Who let the cat's out?
Costello's let the cat out of the bag? I thought Howard did that with the competing with China thing? How many friggin' cats are in that bag? Perhaps the RSPCA needs to branch out into a new entity; the Royal Society for the Prevention of Cruelty to Workers.
Then the militant unions can become People for the Ethical Treatment of People, and we would be rid of that ugly ugly word "union".
Liberals - want a radical overhaul of industrial relations legislation.
Labor - want some of it to change, but make it look like they are reversing them.
Greens - they want to do something totally radical - the loopy left want to: have them not change at all. They want to be conservative, and revert the changes back the way they were. So no change whatsoever. Whack-os. Seriously, can L-abhor disband please?
Treasurer Peter Costello has said he's open to abolishing unfair dismissal
protection for all workers.
Realistically, it's not that big of a deal, it would save companies having to go through all the trouble of dividing itself so it can unfairly dismiss employees. Hurrah for them.
Tuesday, July 26, 2005
Can we stop pissing off nut-jobs?
We may be the big tough kids in the classroom (the West), but even we should be wary of pissing off the crazy kid in the corner with the nervous twitch and a blade (extremists).
Wednesday, July 20, 2005
The job is not owned by the employee.
It's a good argument, the employee should be thankful for a good employer, and visa versa, but if the job really was created and funded by a company, shouldn't they own it?

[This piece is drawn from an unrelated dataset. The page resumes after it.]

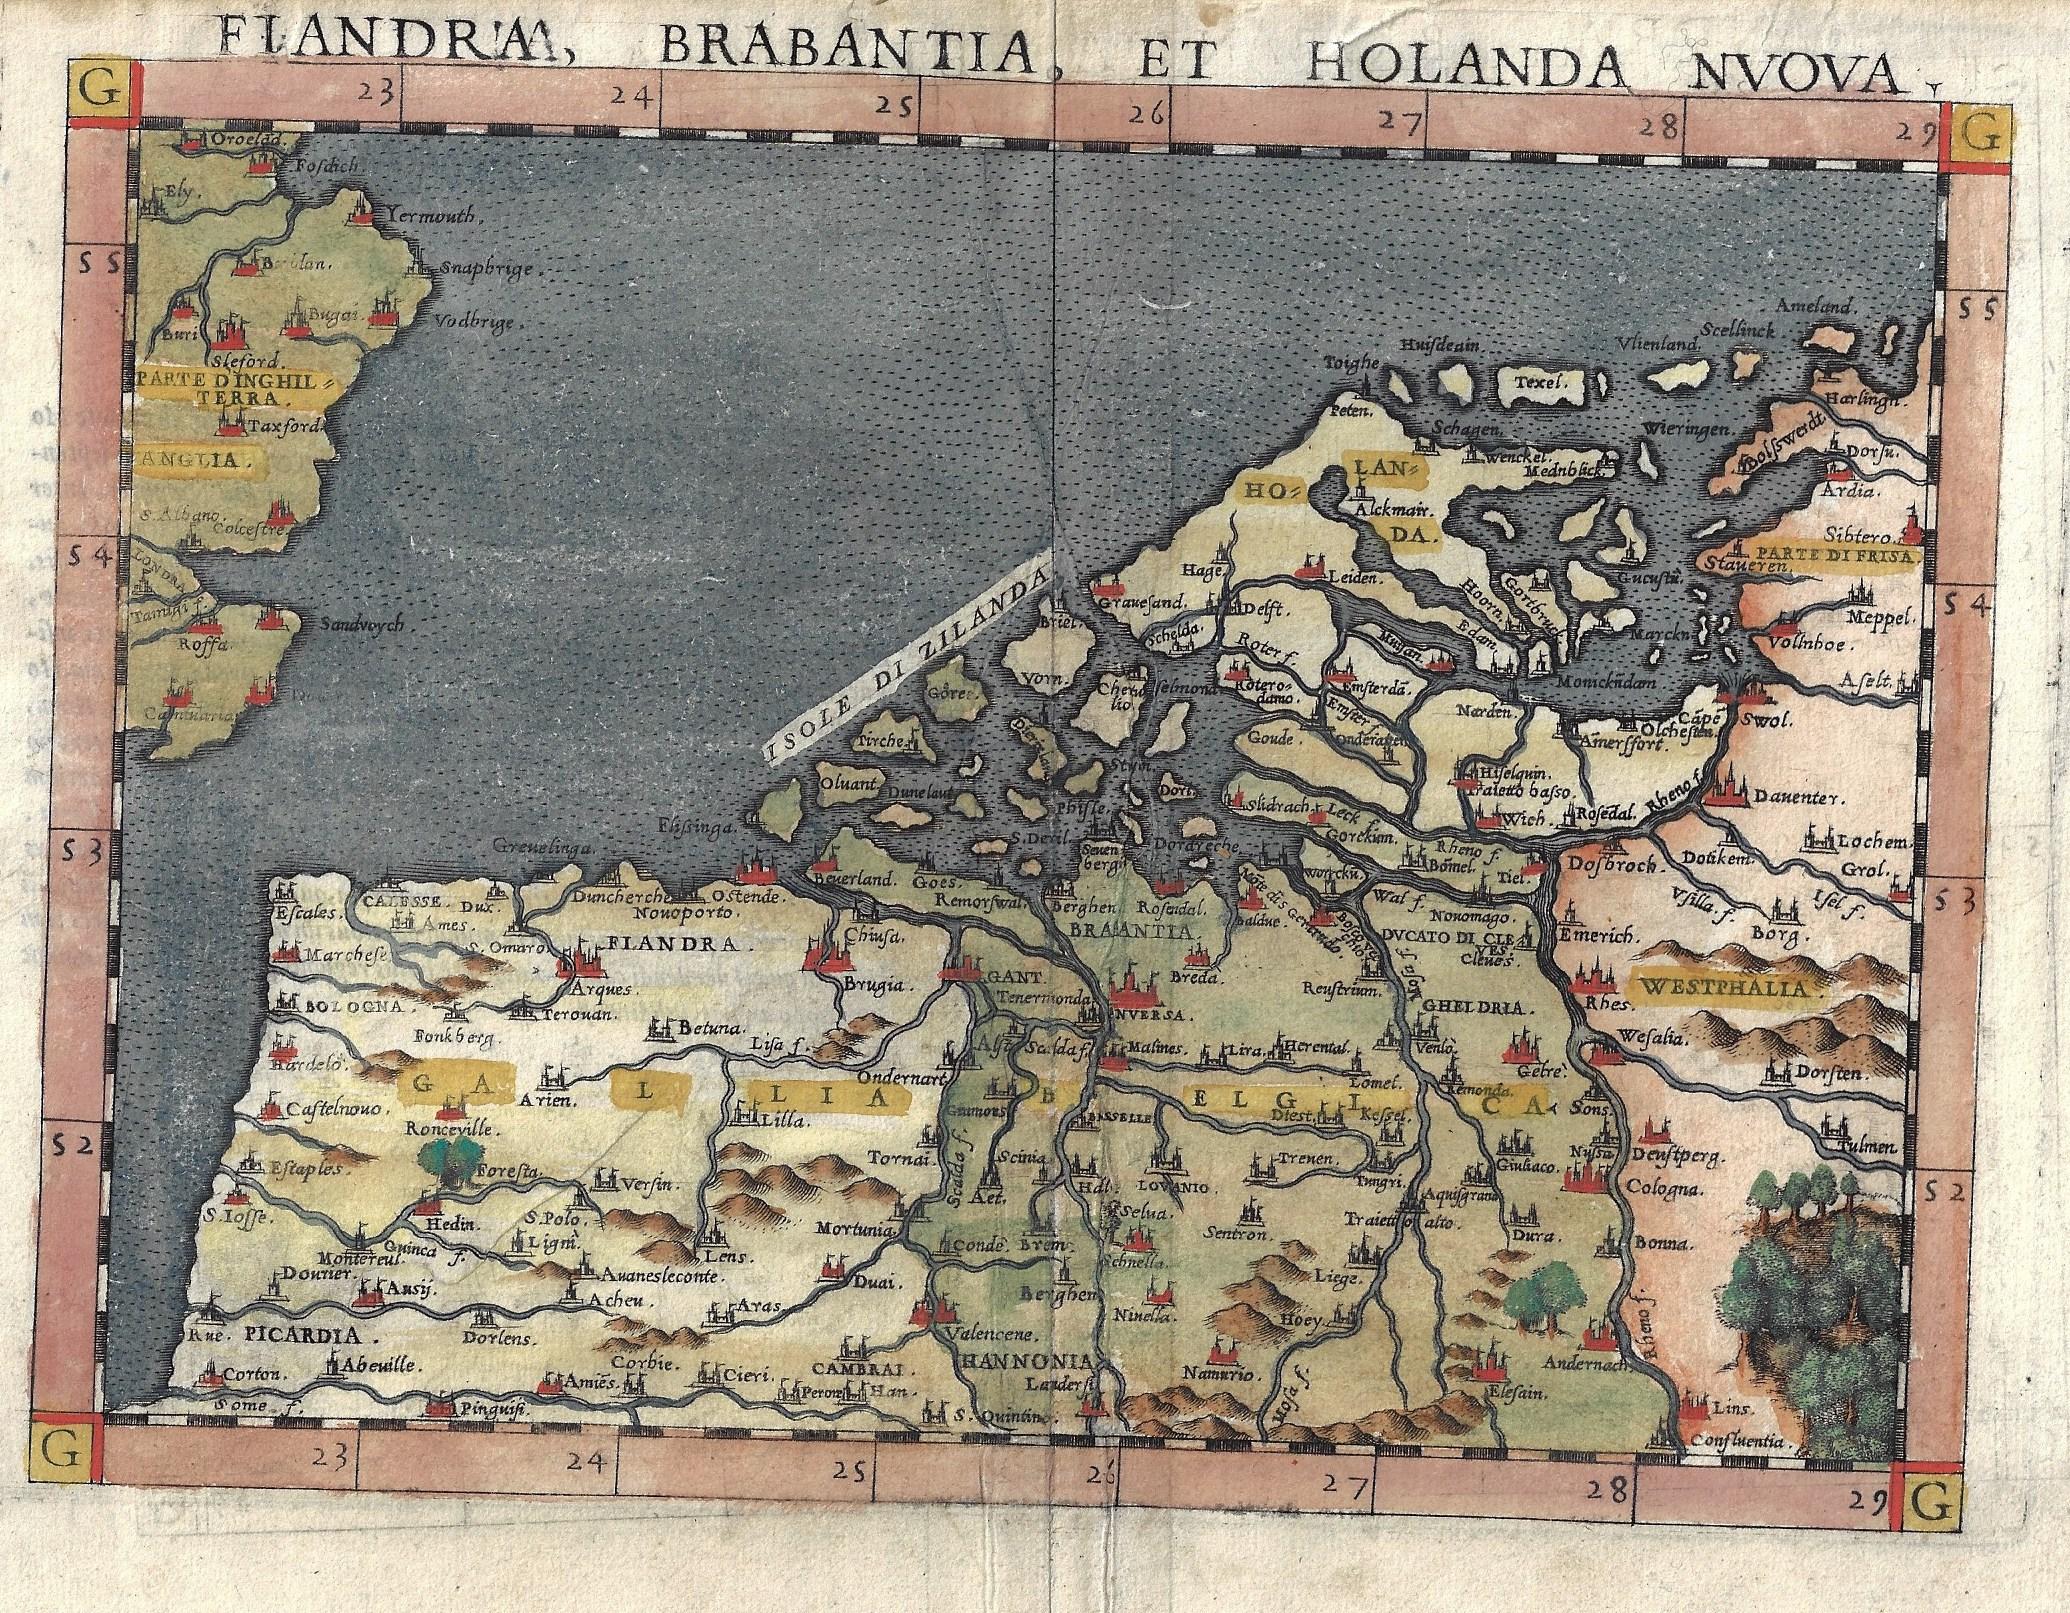 Ruscelli  Flandria, Brabantia, et Holanda Nuova.

Yes, simplistically speaking, how dare a worker demand his job?
Governments are owned and, in a very theoretical way, controlled by the populance. It is ours, it represents us, whatever it does is our collective fault. Companies are also represented, but they don't get to vote, but BOY do they get to have a voice. This brings me to my point, taking the company I work for, they get huge wads of dollars from Governments to employ research staff, apprentices (although that's stopped), etc, as well as tax breaks of about 50% less in the dollar than the population, and theres also spontaneous donations, the Treasurer and Premier visited at one point to announce to the cameras they were giving the company... more money, as long as it employed 25 odd more people. It did. Then after a few months they got the collective arse. Free dollars and a scammed Government.
This brings me to my real point, if my tax dollars are given to this company, so that it may employ me, does that mean that I have, in a sense, paid for my job? Does that mean in some way that I 'own' my job? If I lose my job, that's fine, but can I have my taxes back? Alternatively, if you subscribe to the idea that a job is the sole ownership of a business, can business not be allowed any tax breaks, or any Government funding, so we can separate the two? Hoo-hooooooo, I don't think that's gonna happen.
I just went out onto the porch with my Orange Softdrink and Kahlua mixed drink (any ... in a storm), pondering the surrealism of the IR changes, and noticed a bright white shooting star zip amazingly fast across the sky, and dissapeared in the same way that planes don't.
The IR alterations are as bizarre as the drink, but not as brilliant as the meteorite. And two of them are giving me the shits right now. Ohh.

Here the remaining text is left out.